Bernard: Err... God works in mysterious ways.
Hacker: Bernard. I would like to make one thing quite clear. Sir Humphrey is not God. Okay?
Bernard: Will you tell him or shall I?
Pretty much any of the scenes were Bernard points out a badly Mixed Metaphor, but this one is a standout:
Hacker: "The point is, this situation is now a real hot potato. If I don't do something it could become a banana skin."
Bernard: "Excuse me, Prime Minister, a hot potato can't become a banana skin. If you don't do anything a hot potato will merely becomes a cold potato."
Hacker's diary for the episode reads, "I wonder if Bernard ever realises how close to death he sometimes comes."

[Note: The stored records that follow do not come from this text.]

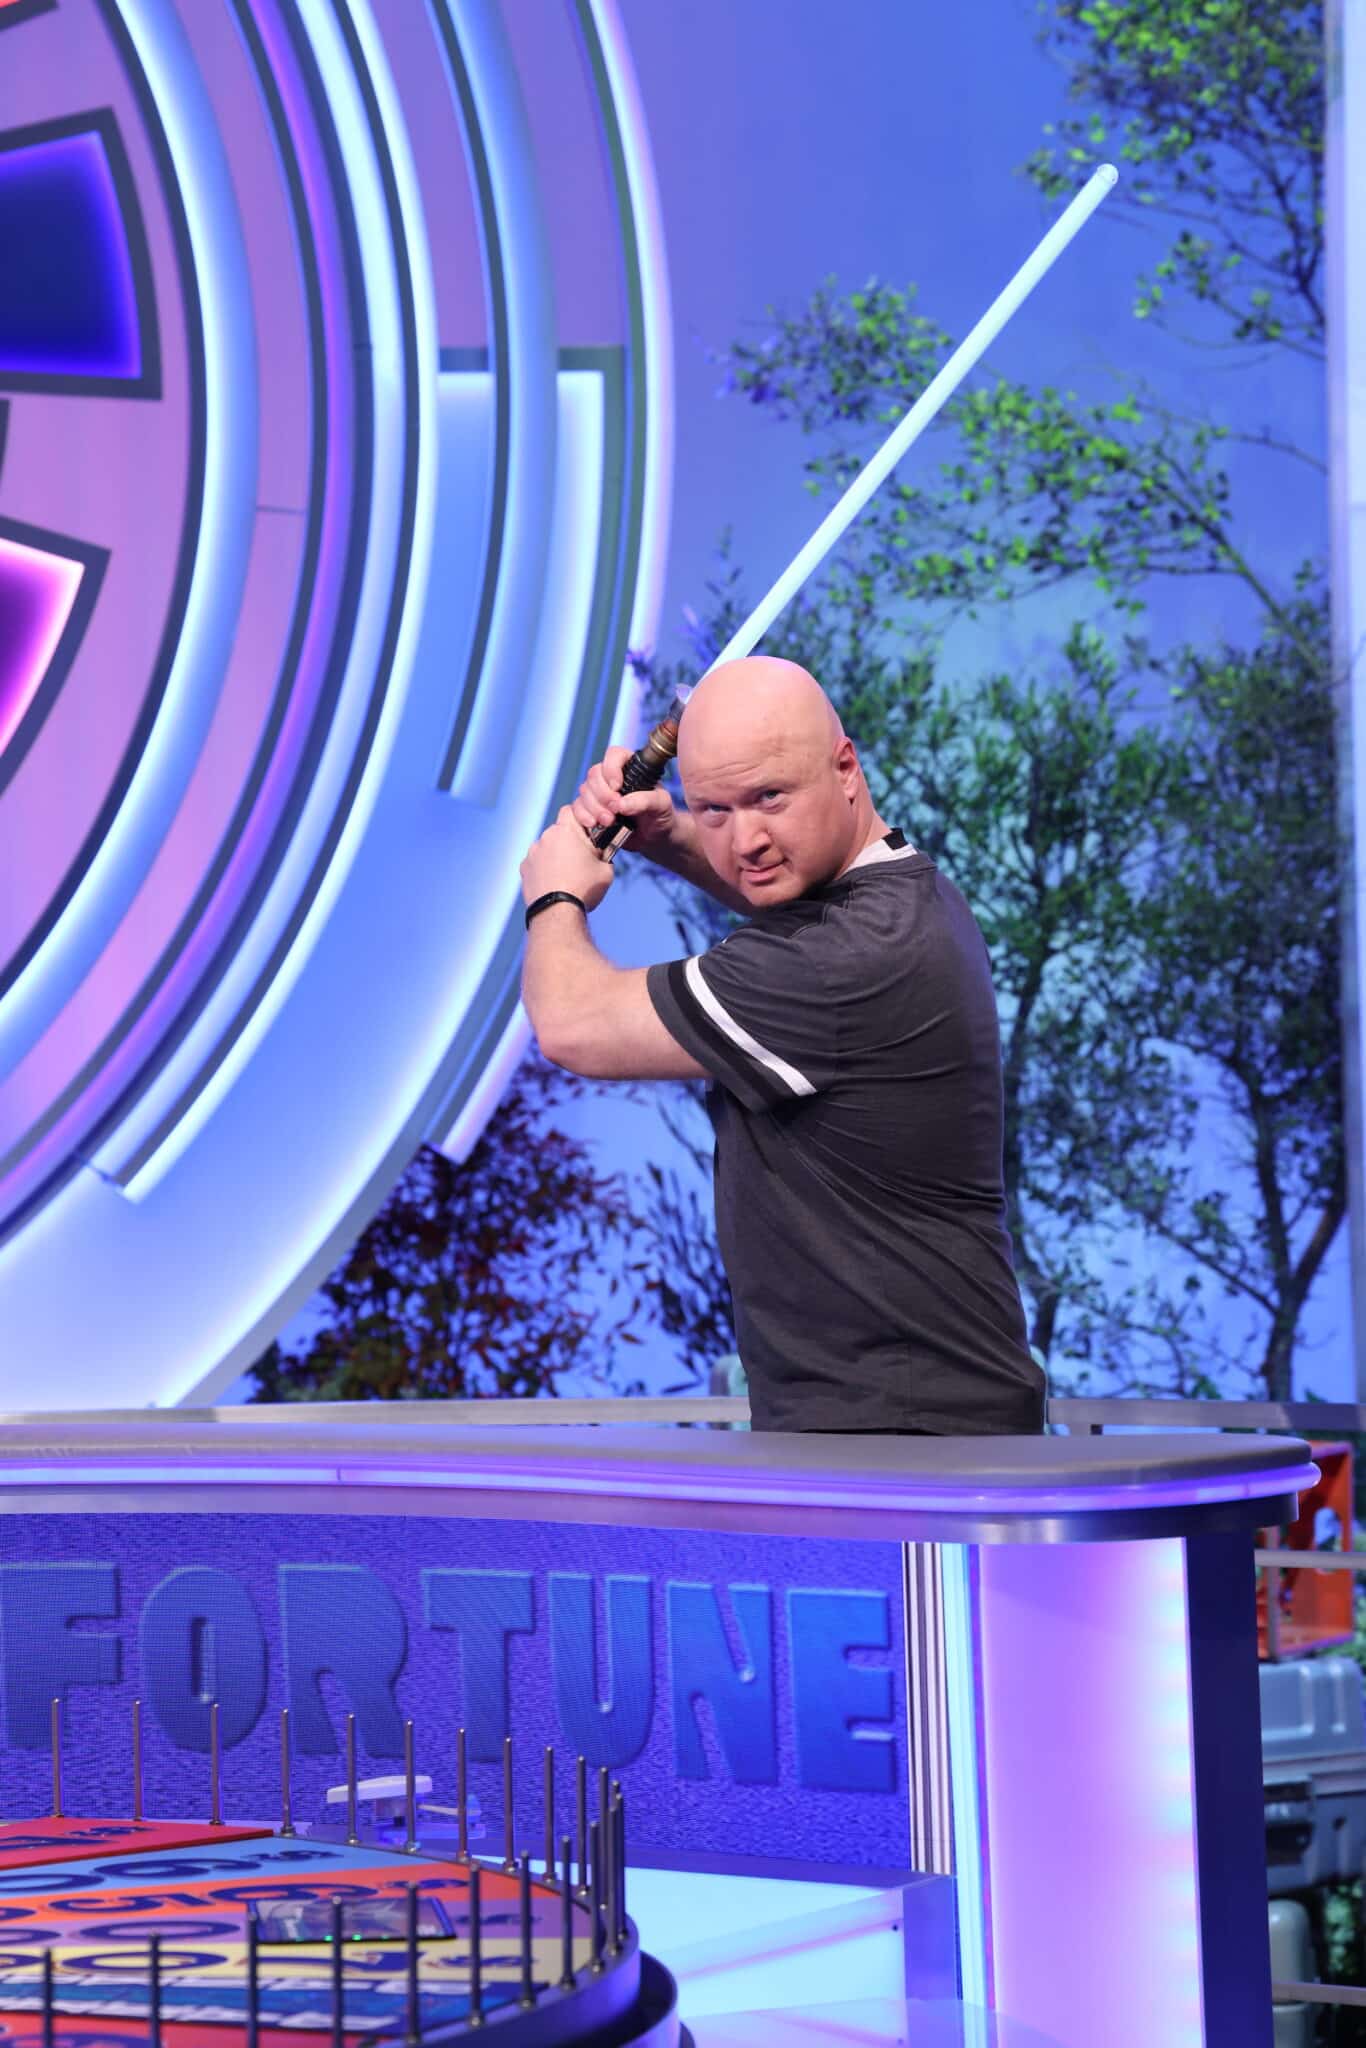 Area man to appear on Wheel of Fortune Star Wars edition on Monday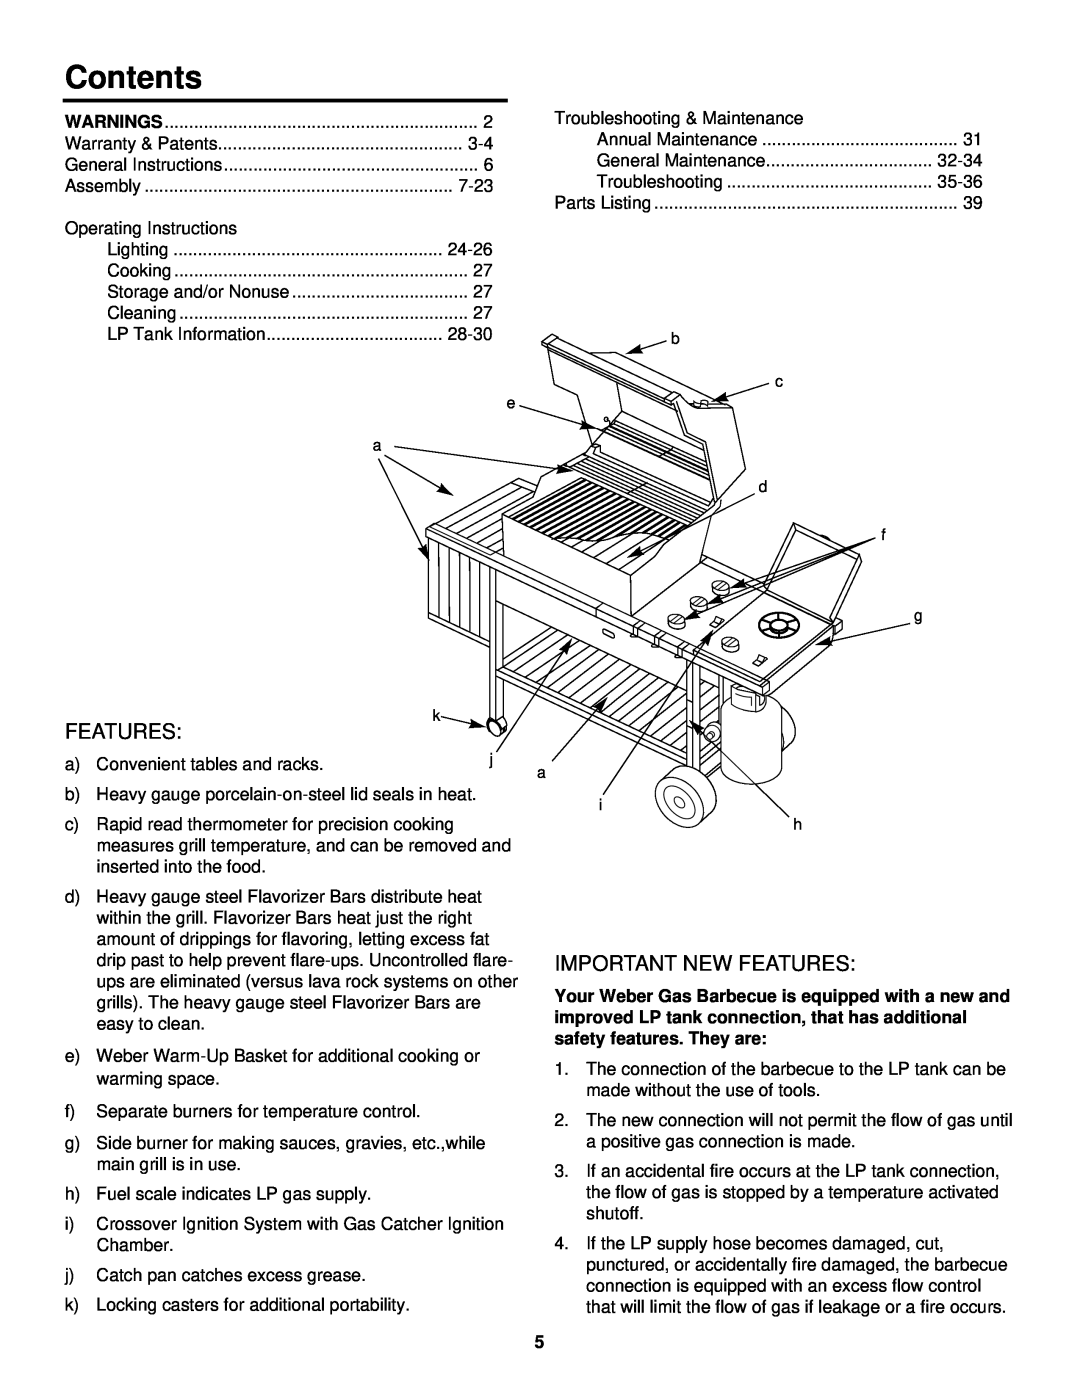 Weber 98642 owner manual Contents, Important New Features 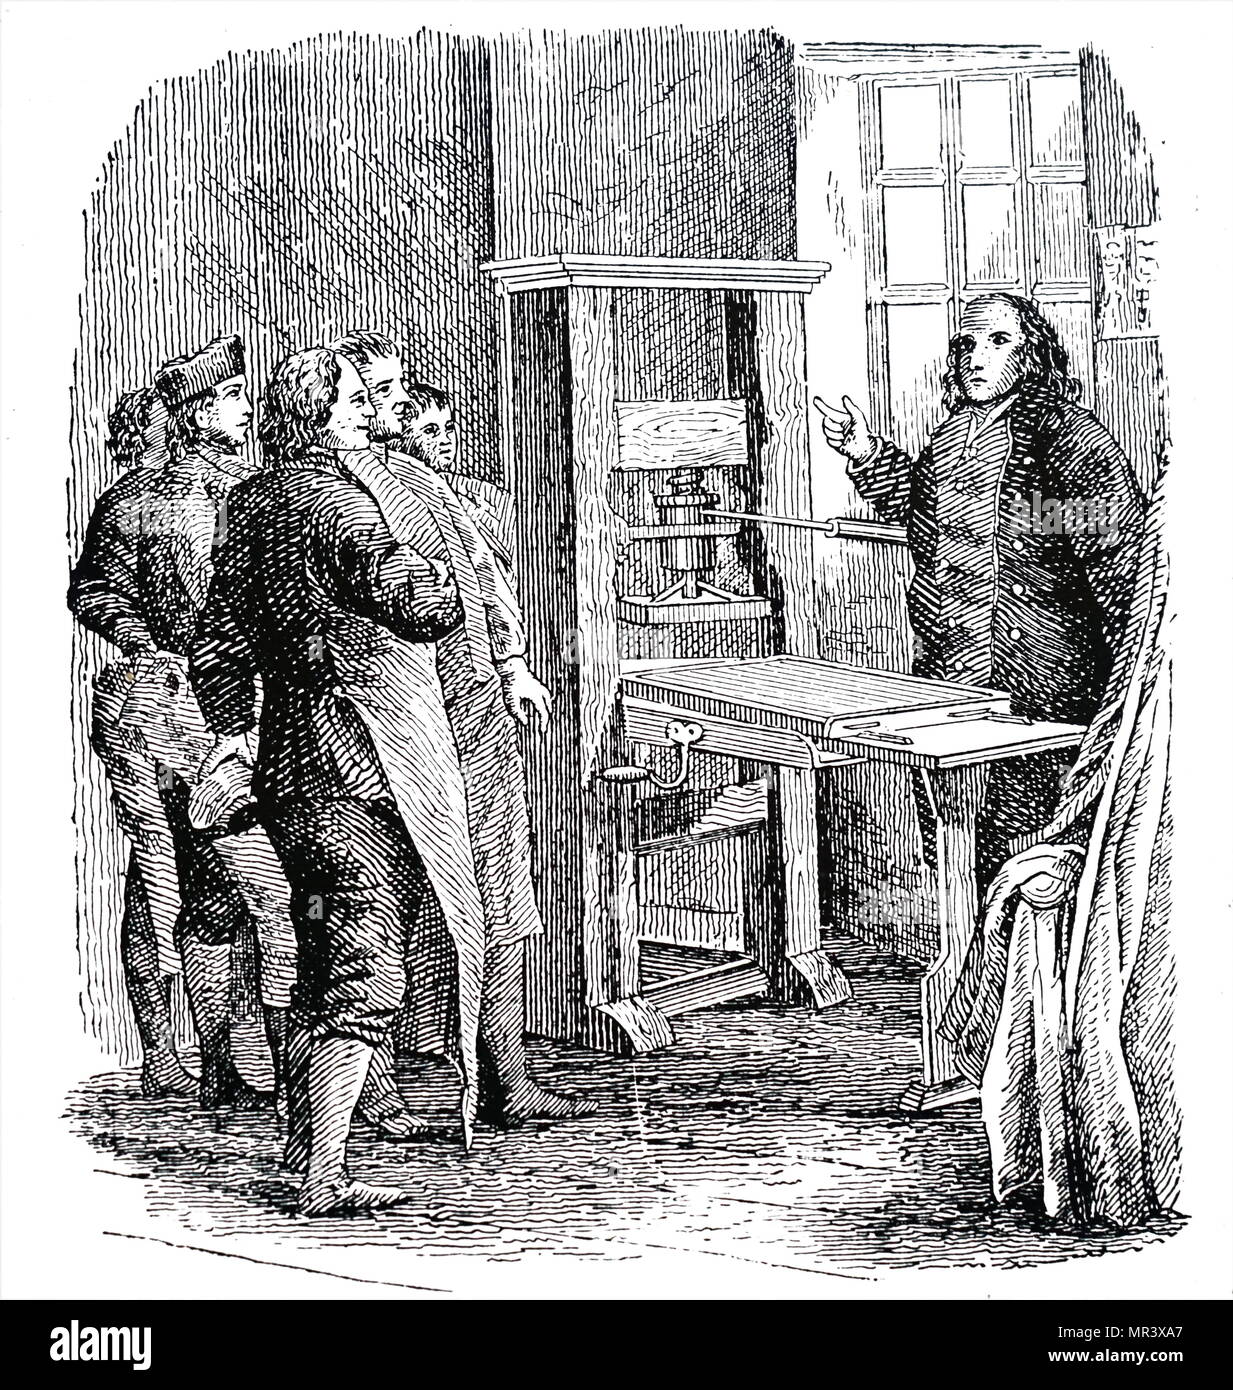 Illustration depicting Benjamin Franklin with the printing press he used in London and which is now preserved in America. Benjamin Franklin (1706-1790) one of the Founding Fathers of the United States, polymath, author, printer, political theorist, politician, freemason and postmaster. Dated 19th century Stock Photo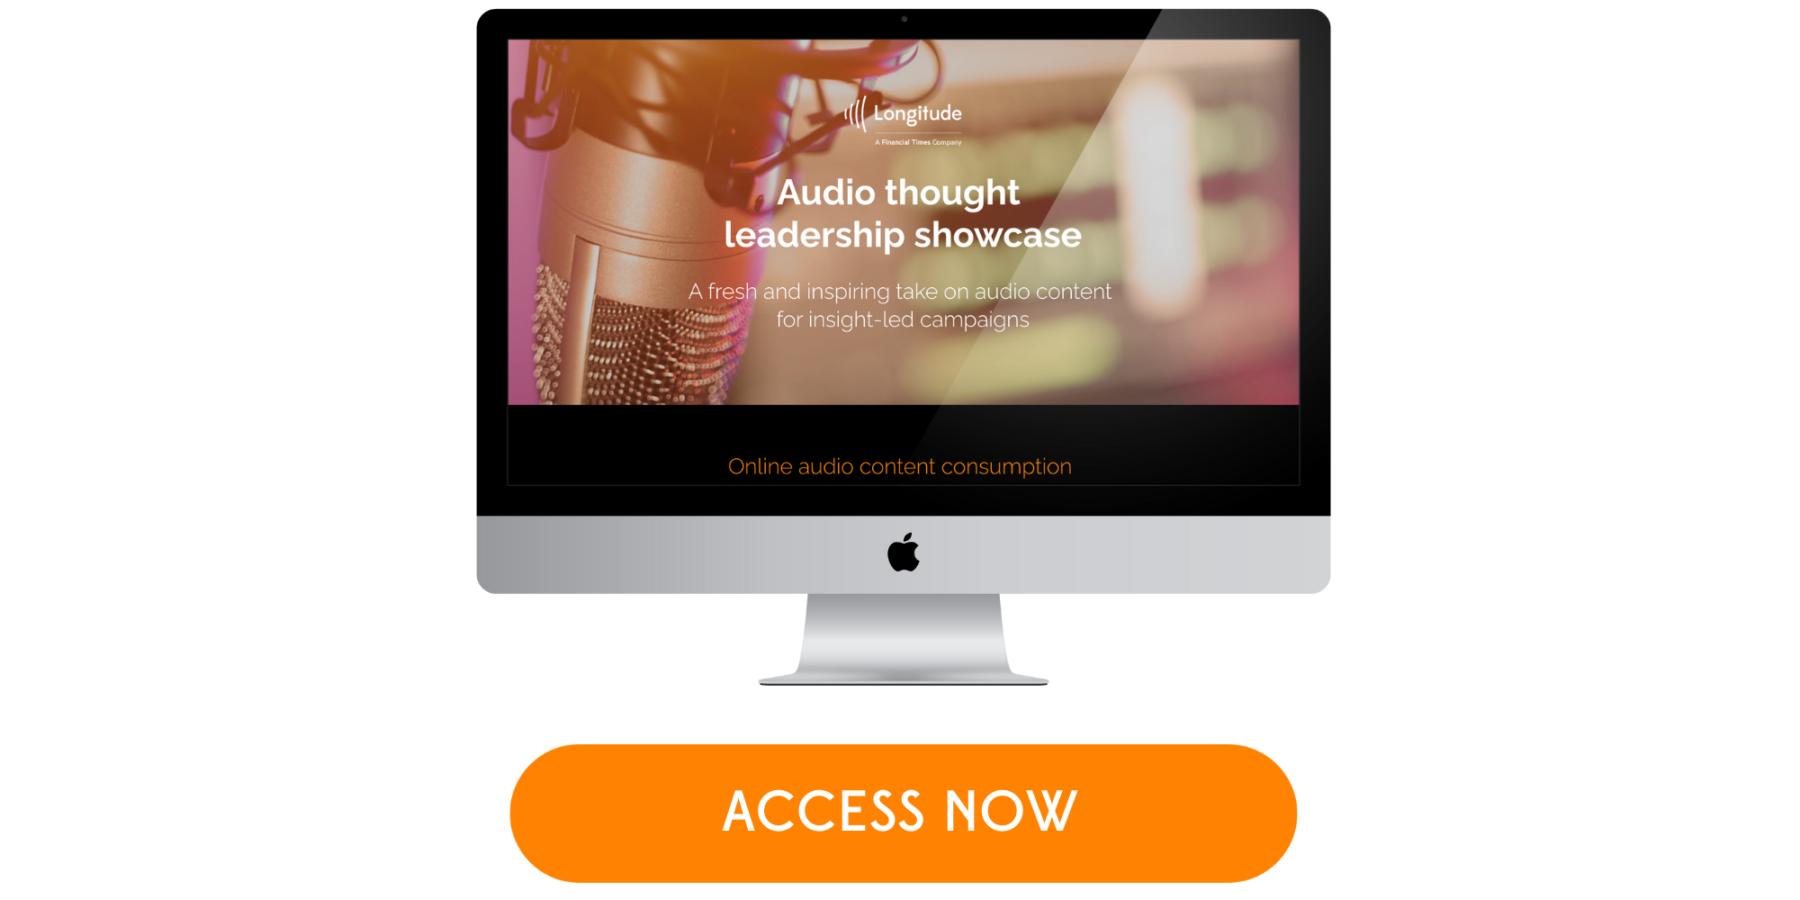 Best-in-class audio thought leadership

Bernard gets another stellar moment when he objects to the phrase "stampeding herd of vultures": vultures are a flock, not a herd, and they don't stampede... "What do they do?" the PM asks icily, and unable to come up with a comparable word for "stampede", Bernard just does a bizarre impression of a vulture.
In Big Brother, Hacker finds out that Sir Humphrey's been fooling him, and his wife (Annie) urges him to ring Sir Humphrey. Hacker protests that it's two in the morning, and Annie says that it'll establish his authority. After Hacker's conversation with an audibly dishevelled Sir Humphrey comes this:
Hacker:(hangs up) Oh—damn! I forgot to tell him to come and see me about it before Cabinet.